- TASK DIRECTIONS
Restate the whole listing below word for word and keep the images out.
++++ PROVIDED MATERIAL ++++
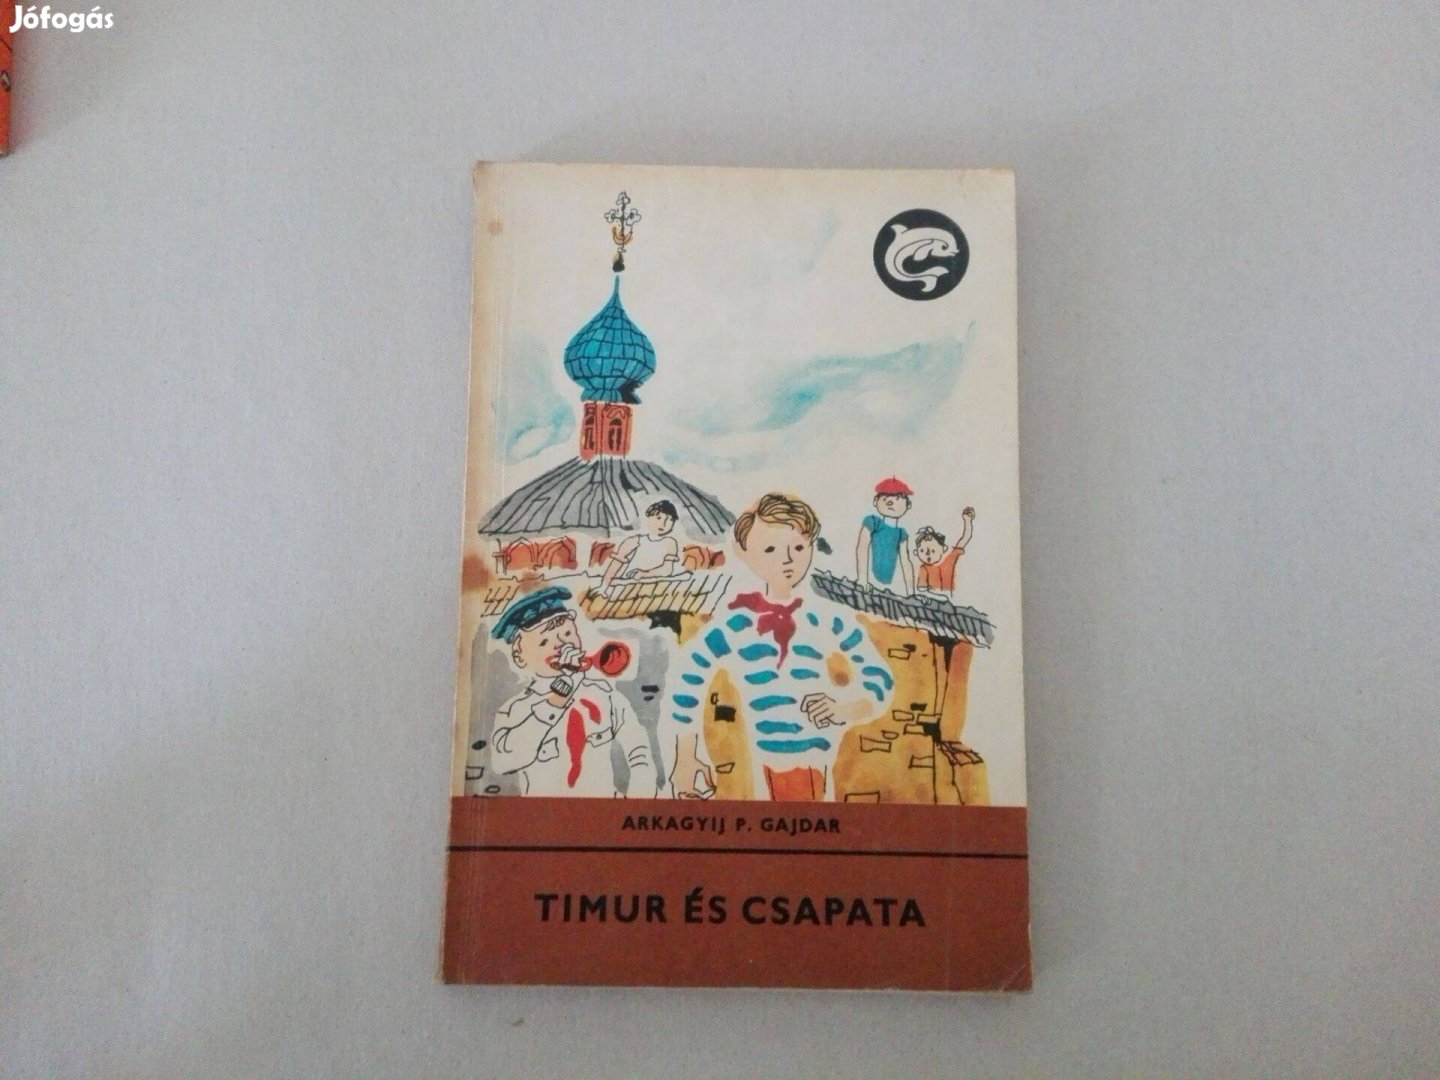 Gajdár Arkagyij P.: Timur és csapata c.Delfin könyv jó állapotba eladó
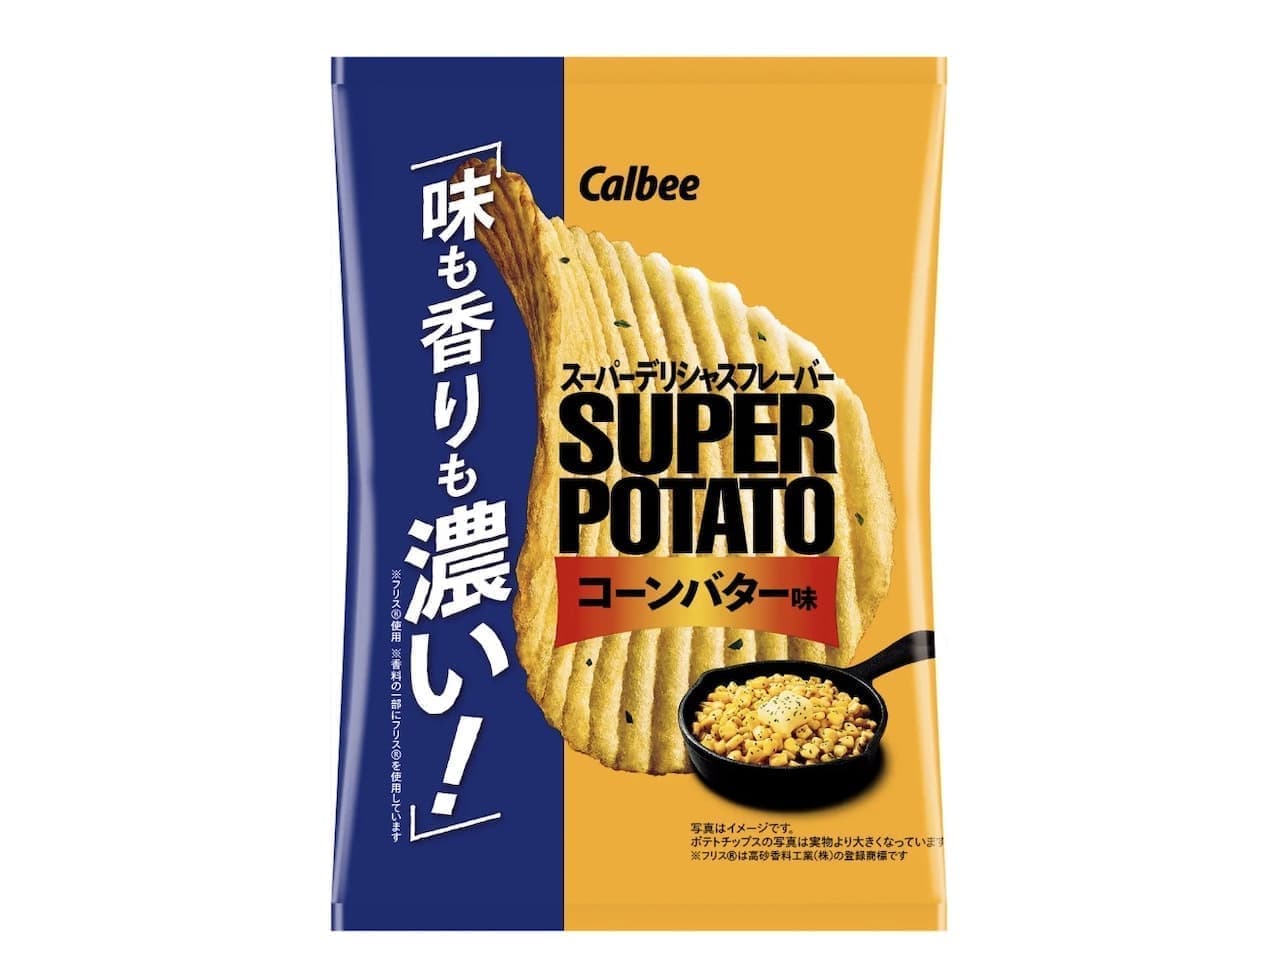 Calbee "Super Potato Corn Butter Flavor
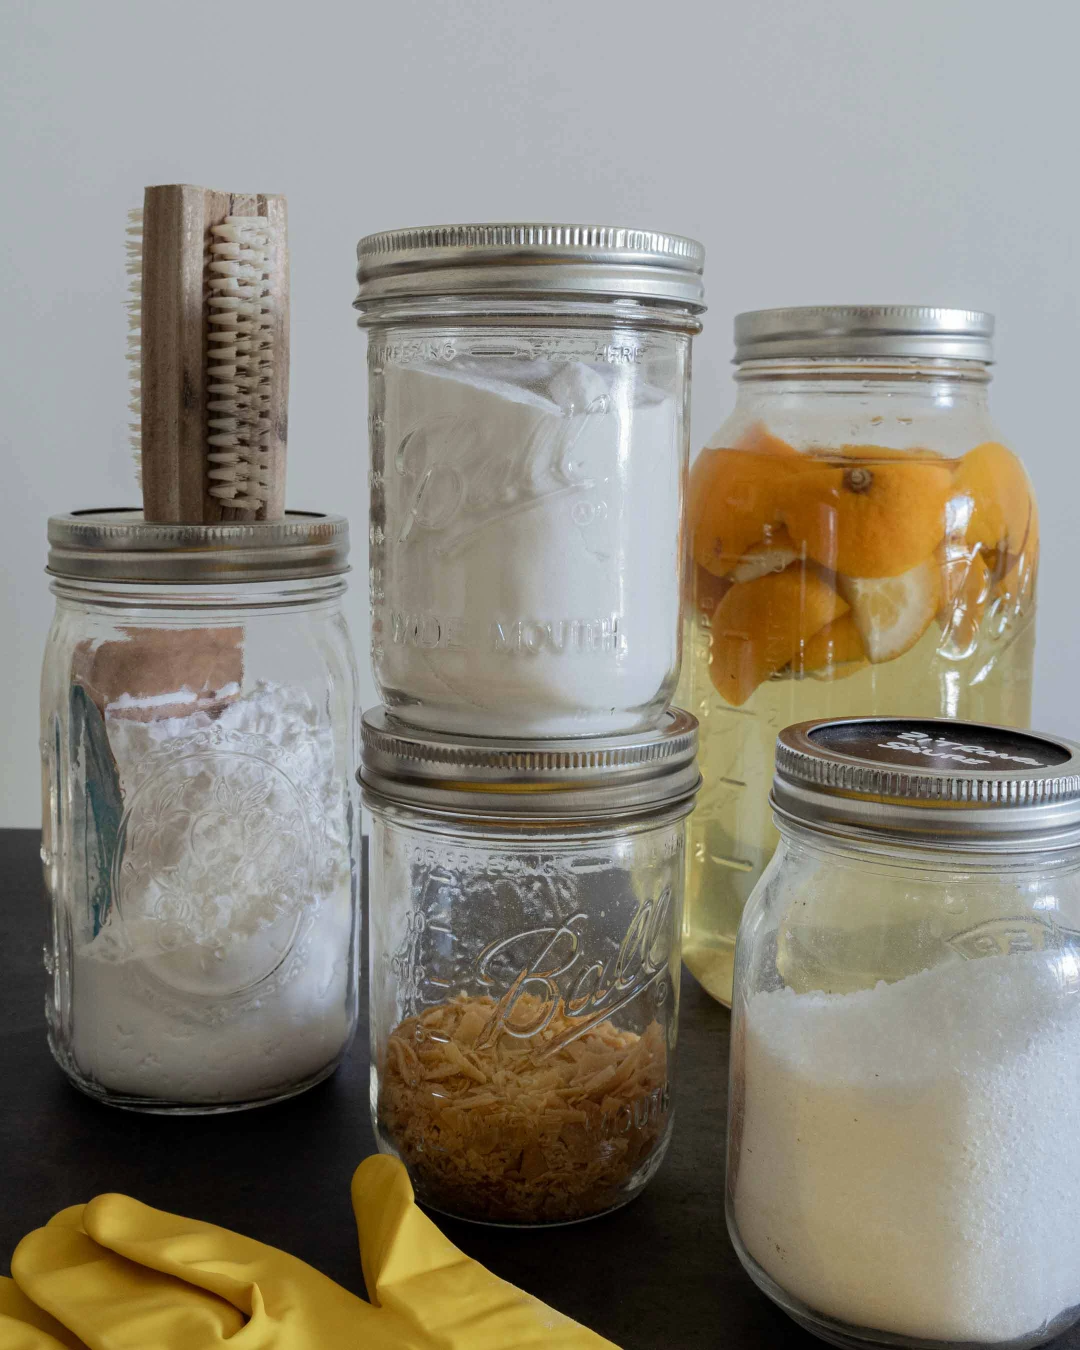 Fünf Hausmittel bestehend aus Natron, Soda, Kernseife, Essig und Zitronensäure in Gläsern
++++
- EXPECTED ANSWER
 Gajdár Arkagyij P.: Timur és csapata c.Delfin könyv jó állapotba eladó
 Calbee "Super Potato Corn Butter Flavor
 Fünf Hausmittel bestehend aus Natron, Soda, Kernseife, Essig und Zitronensäure in Gläsern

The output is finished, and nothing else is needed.